▶ Brief: Look through the data below for the line with "за вдъхновението и", and transcribe it exactly together with each line after it up to and including the line with "Dordrecht Rietdijkse poort". Give nothing else.

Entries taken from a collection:
[Start of section]
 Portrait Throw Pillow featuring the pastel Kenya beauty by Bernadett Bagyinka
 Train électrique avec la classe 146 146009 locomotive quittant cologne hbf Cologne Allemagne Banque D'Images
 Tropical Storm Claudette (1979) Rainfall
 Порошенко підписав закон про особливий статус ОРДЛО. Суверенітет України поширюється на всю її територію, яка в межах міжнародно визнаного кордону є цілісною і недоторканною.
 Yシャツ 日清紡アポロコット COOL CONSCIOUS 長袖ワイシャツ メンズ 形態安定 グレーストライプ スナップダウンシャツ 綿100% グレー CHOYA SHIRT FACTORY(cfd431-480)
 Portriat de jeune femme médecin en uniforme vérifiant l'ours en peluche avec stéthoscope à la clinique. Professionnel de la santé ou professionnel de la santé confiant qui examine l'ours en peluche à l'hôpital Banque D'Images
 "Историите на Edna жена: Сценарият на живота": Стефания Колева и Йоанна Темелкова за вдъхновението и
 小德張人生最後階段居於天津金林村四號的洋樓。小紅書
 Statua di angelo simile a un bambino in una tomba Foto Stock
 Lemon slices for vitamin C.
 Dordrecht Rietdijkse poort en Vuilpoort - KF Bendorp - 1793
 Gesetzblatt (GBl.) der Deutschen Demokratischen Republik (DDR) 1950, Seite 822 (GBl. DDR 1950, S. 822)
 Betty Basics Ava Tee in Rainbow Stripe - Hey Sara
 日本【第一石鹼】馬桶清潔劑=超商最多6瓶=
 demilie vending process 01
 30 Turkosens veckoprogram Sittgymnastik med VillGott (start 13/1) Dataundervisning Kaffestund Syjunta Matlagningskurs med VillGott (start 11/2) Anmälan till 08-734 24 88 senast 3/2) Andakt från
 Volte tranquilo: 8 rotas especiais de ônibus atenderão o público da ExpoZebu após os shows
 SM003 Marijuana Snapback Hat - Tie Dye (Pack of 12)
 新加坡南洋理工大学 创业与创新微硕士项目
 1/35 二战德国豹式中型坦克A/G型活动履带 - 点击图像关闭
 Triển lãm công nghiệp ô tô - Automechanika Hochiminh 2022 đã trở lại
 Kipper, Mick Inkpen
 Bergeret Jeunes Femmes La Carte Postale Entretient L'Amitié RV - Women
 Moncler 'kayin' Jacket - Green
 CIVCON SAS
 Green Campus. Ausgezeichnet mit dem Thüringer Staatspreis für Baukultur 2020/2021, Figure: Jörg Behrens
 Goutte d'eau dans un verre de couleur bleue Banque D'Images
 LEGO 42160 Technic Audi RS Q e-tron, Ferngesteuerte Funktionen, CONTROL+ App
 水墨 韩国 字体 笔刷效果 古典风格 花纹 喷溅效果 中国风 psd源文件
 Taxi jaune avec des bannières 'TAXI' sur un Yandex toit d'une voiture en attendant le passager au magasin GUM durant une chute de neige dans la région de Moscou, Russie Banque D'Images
[End of section]
▶ Answer to this exercise:
 "Историите на Edna жена: Сценарият на живота": Стефания Колева и Йоанна Темелкова за вдъхновението и
 小德張人生最後階段居於天津金林村四號的洋樓。小紅書
 Statua di angelo simile a un bambino in una tomba Foto Stock
 Lemon slices for vitamin C.
 Dordrecht Rietdijkse poort en Vuilpoort - KF Bendorp - 1793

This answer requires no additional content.